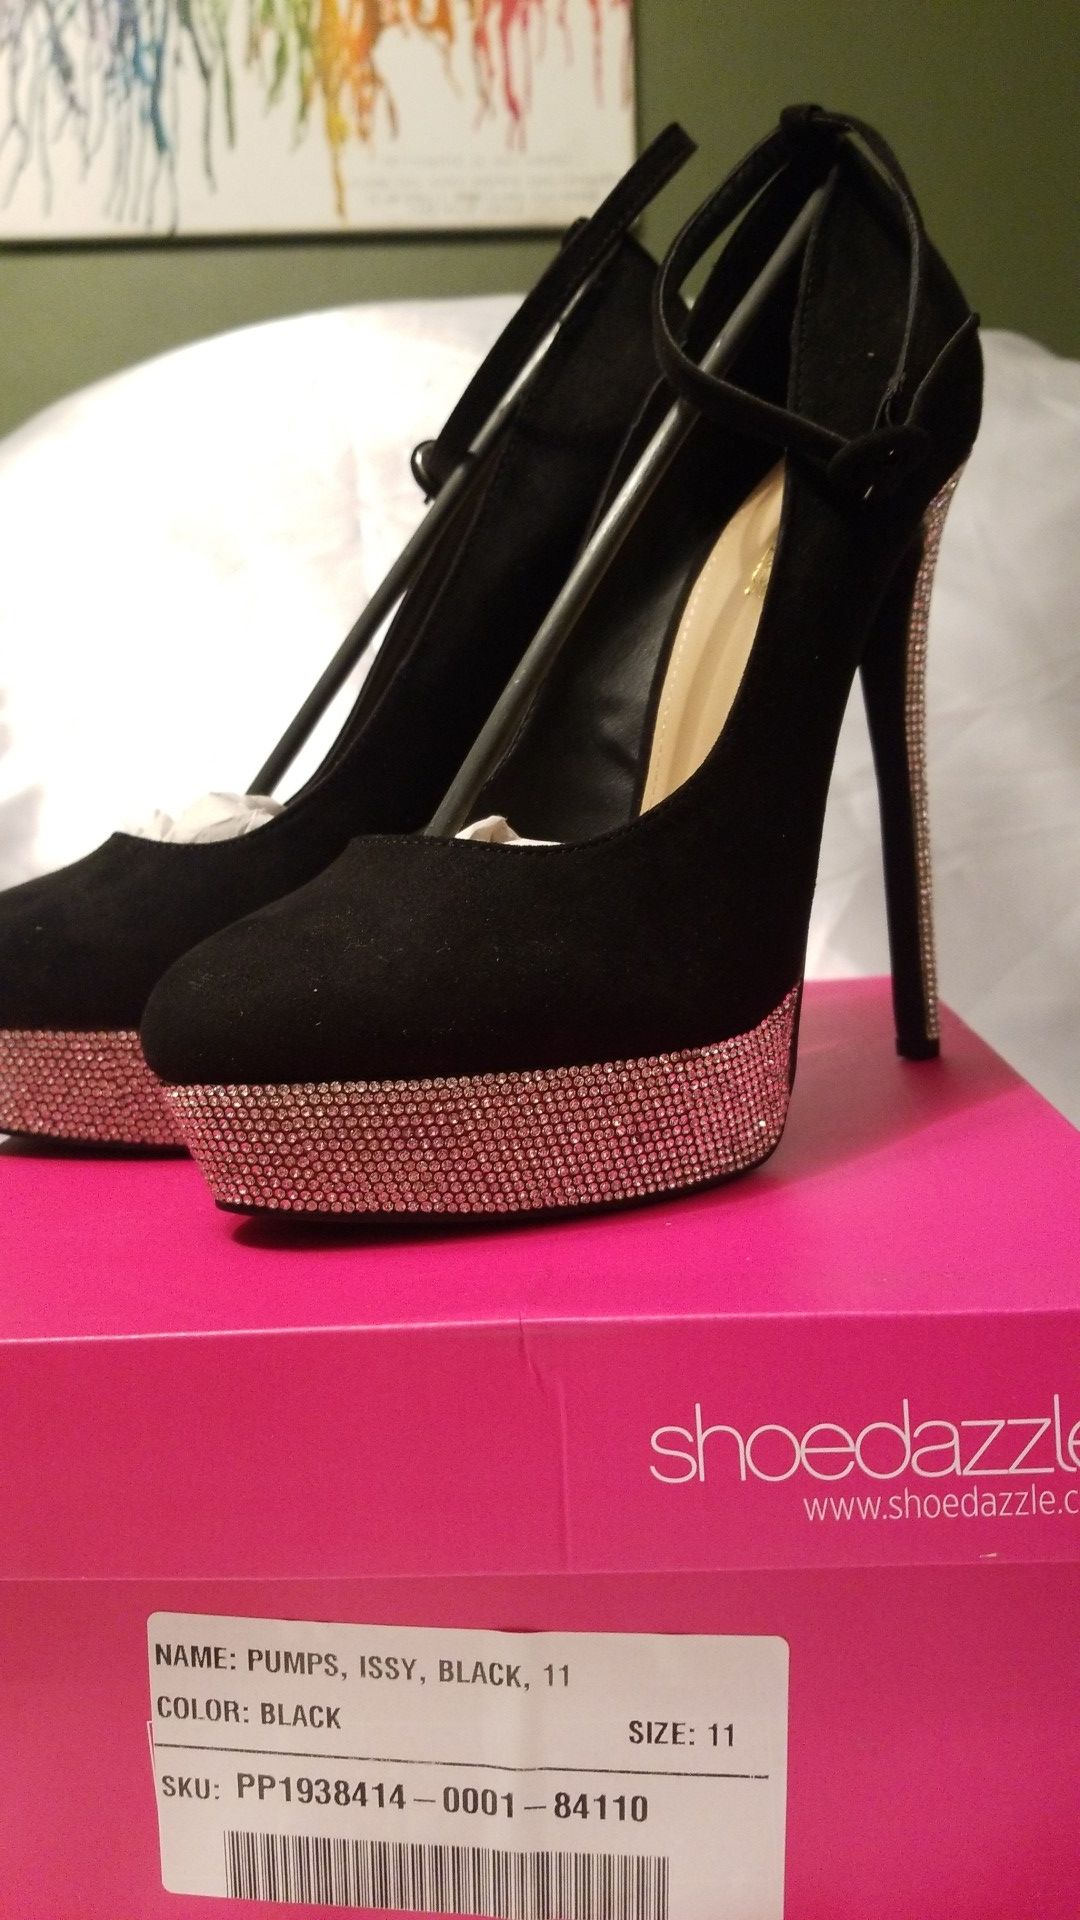 Size 11 womens heels
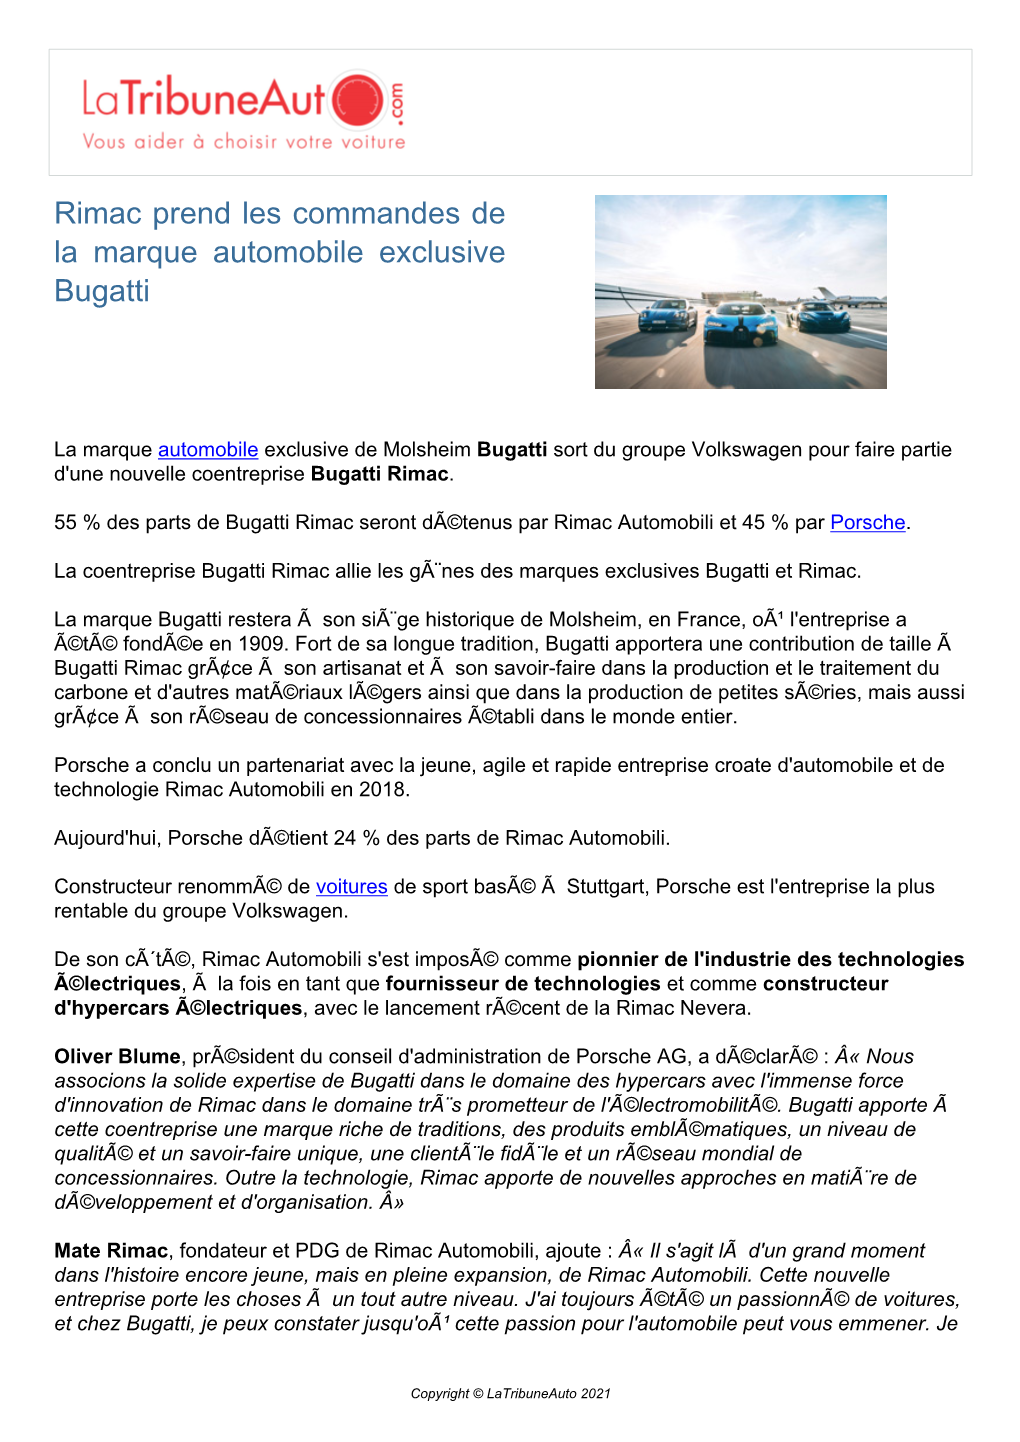 Rimac Prend Les Commandes De La Marque Automobile Exclusive Bugatti
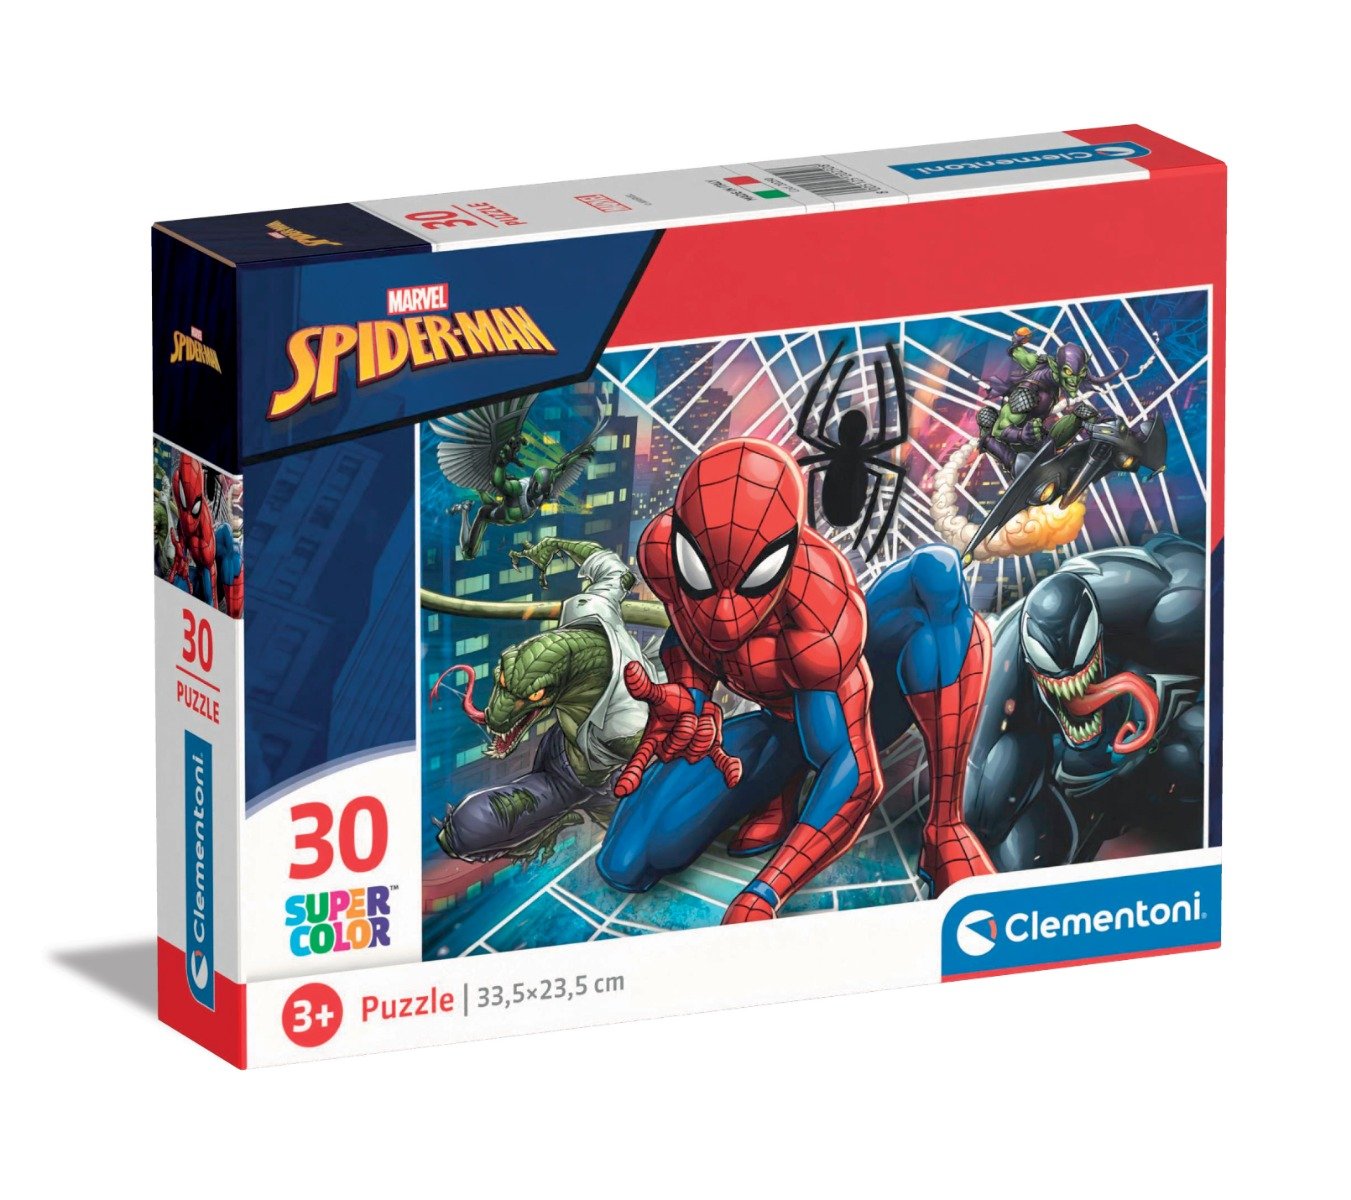 Poze Puzzle Clementoni Spiderman, 30 piese

━━━━

[Task objective]:
All pictures should be dropped; the lines from the one containing "Rimac Prend Les" through the last line of the material are to be set down exactly.

[Response]:
 Rimac Prend Les Commandes De La Marque Automobile Exclusive Bugatti
 Poze Puzzle Clementoni Spiderman, 30 piese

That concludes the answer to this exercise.